Submitted to: Emerging Microbes & Infections
Publication Type: Peer Reviewed Journal
Publication Acceptance Date: 3/21/2021
Publication Date: 4/2/2021
Citation: Morozov, I., Monath, T.P., Meekins, D.A., Trujillo, J.D., Sunwoo, S., Urbaniak, K., Kim, I., Narayanan, S.K., Indran, S.V., Ma, W., Wilson, W.C., O'Connor, C., Dubey, S., Troth, S.P., Coller, B., Nichols, R., Richt, J. 2021. High dose of vesicular stomatitis virus-vectored Ebola vaccine causes vesicular disease in swine without horizontal transmission. Emerging Microbes & Infections. 10(1):651-663. https://doi.org/10.1080/22221751.2021.1903343.

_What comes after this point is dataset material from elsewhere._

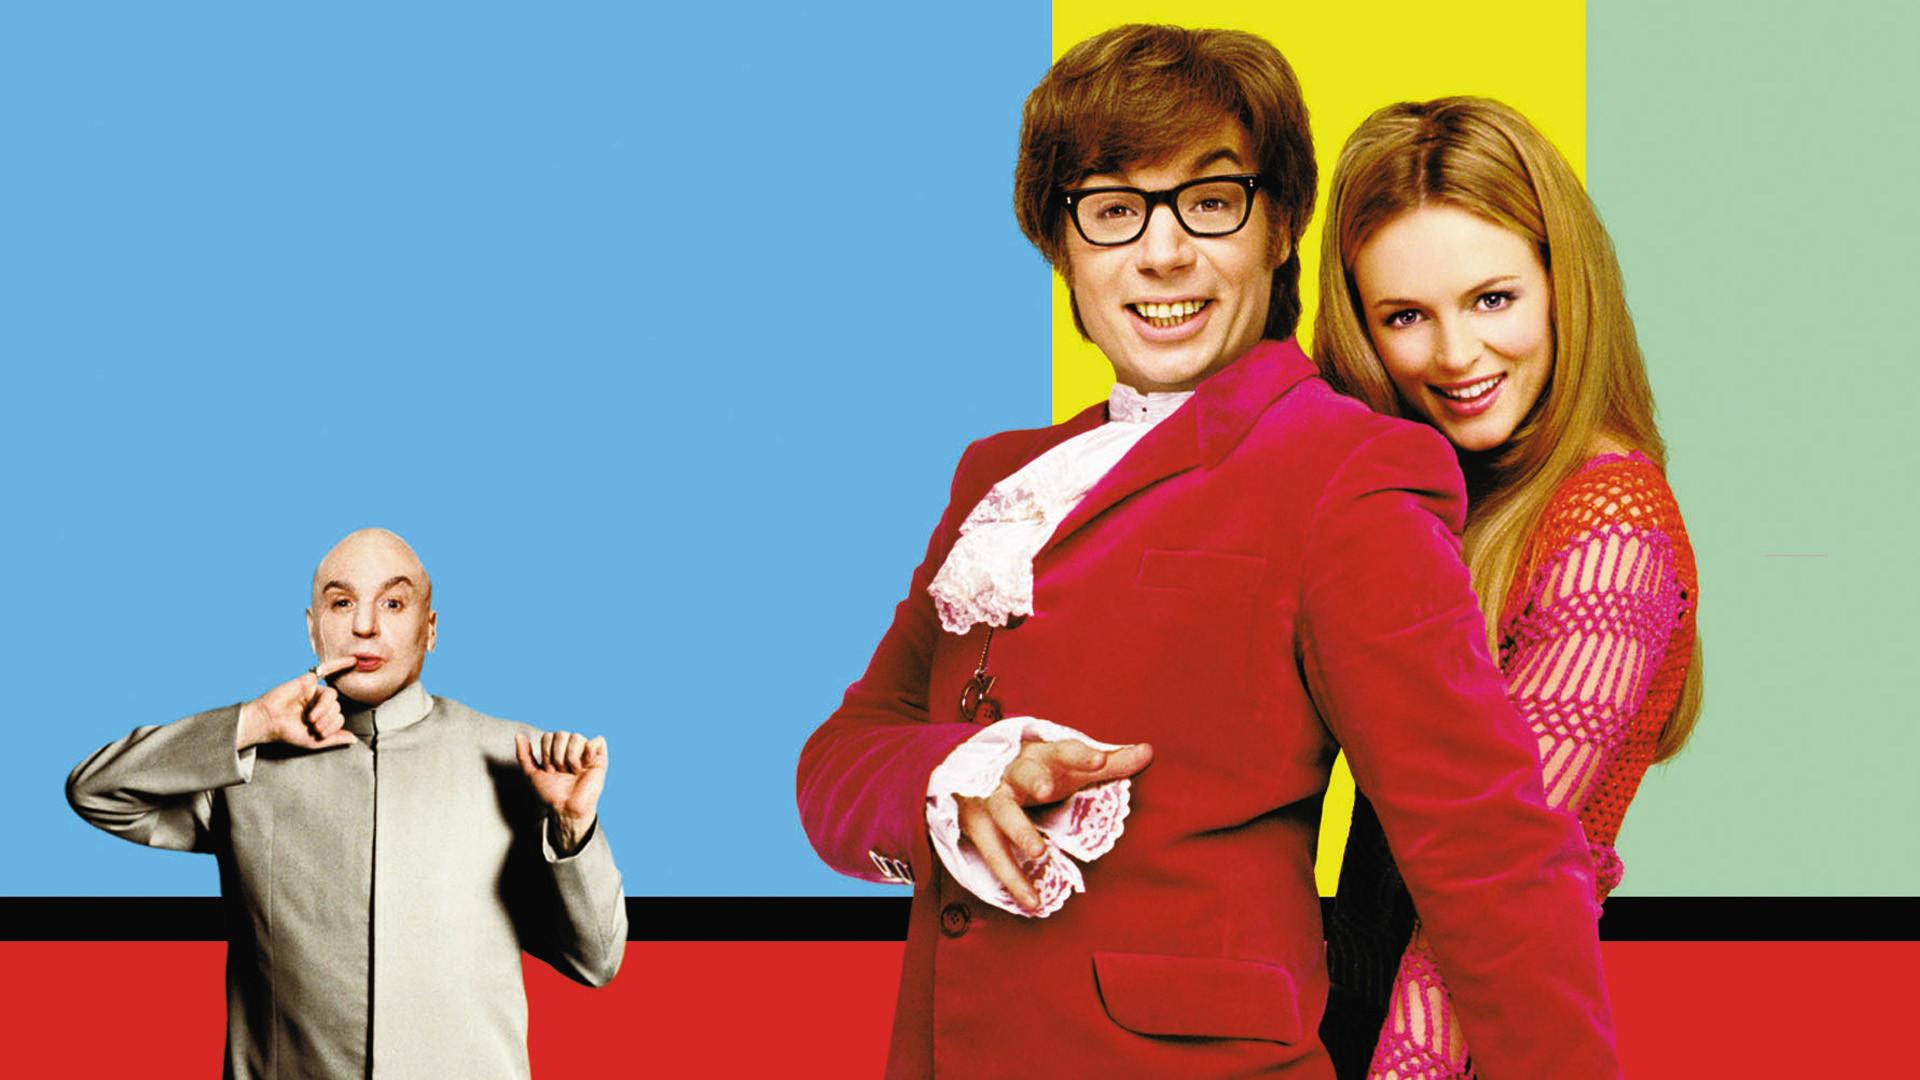 Austin Powers Film  TV Tropes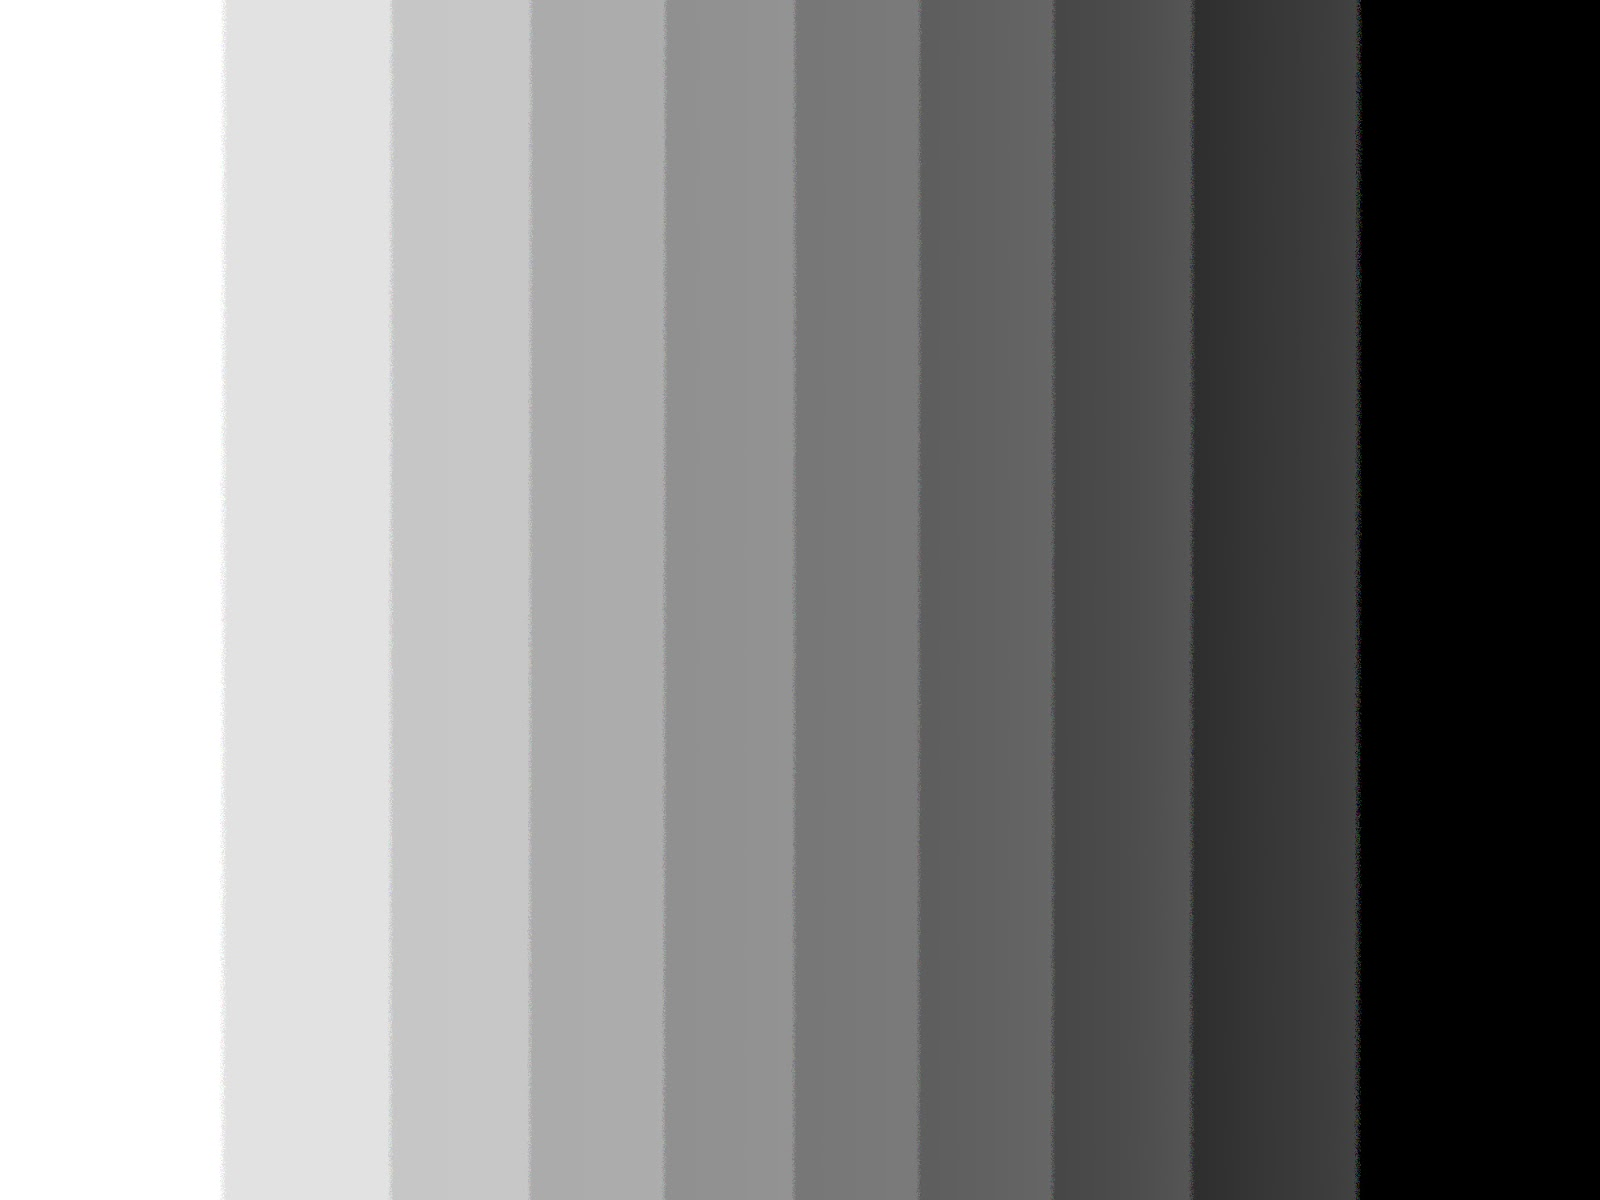 Patxi hinojosa luj n mis cosas paleta de grises for Paleta de colores grises

DOI: https://doi.org/10.1080/22221751.2021.1903343

Interpretive Summary: Outbreaks of Ebola virus disease (EVD) in Africa in recent years have clearly demonstrates the need for a safe and efficacious vaccine. ERVEBO®, a recombinant vaccine, designed to control outbreaks and mitigate its threat to global health was approved by the FDA and EMA in late 2019 for use in prevention of EVD. Since the parental virus, which was used to construct ERVEBO®, is pathogenic for livestock and the vaccine virus may be shed at low levels by vaccinated humans, widespread deployment of the vaccine required investigation into its infectivity and transmissibility to susceptible livestock species. This study demonstrated that high doses of the vaccine did induce clinical symptoms in swine, with a proportion of pigs developing ulcerative vesicular lesions at the nasal injection site and in the feet. Uninoculated contact control pigs that were co-mingled with vaccine inoculated pigs did not become infected or display any clinical signs of disease, indicating that the vaccine is not readily transmissible to naïve pigs during prolonged close contact. In contrast, virulent strain of the virus had a shorter incubation period and was transmitted to contact control pigs. These results indicate that the recombinant vaccine causes vesicular illness in swine when administered at a high dose. Moreover, the study demonstrates the recombinant vaccine is not readily transmitted to uninfected pigs, encouraging its safe use as an effective human vaccine.

Technical Abstract: The recent impact of Ebola virus disease (EVD) on public health in Africa clearly demonstrates the need for a safe and efficacious vaccine to control outbreaks and mitigate its threat to global health. ERVEBO® is an effective recombinant Vesicular Stomatitis Virus (VSV)-vectored Ebola vaccine (rVSV'G-ZEBOV- GP) that was approved by the FDA and EMA in late 2019 for use in prevention of EVD. Since the parental virus VSV, which was used to construct ERVEBO®, is pathogenic for livestock and the vaccine virus may be shed at low levels by vaccinated humans, widespread deployment of the vaccine required investigation into its infectivity and transmissibility in VSV-susceptible livestock species. We therefore performed a comprehensive clinical analysis of the ERVEBO® vaccine virus in swine to determine its infectivity and potential for transmission. A high dose of the rVSV'G-ZEBOV-GP vaccine resulted in VSV-like clinical signs in swine, with a proportion of pigs developing ulcerative vesicular lesions at the nasal injection site and feet. Uninoculated contact control pigs co-mingled with rVSV'G-ZEBOV-GP-inoculated pigs did not become infected or display any clinical signs of disease, indicating the vaccine is not readily transmissible to naïve pigs during prolonged close contact. In contrast, virulent wild-type VSV Indiana had a shorter incubation period and was transmitted to contact control pigs. These results indicate that the rVSV'G-ZEBOV-GP vaccine causes vesicular illness in swine when administered at a high dose. Moreover, the study demonstrates the ERVEBO® vaccine is not readily transmitted to uninfected pigs, encouraging its safe use as an effective human vaccine.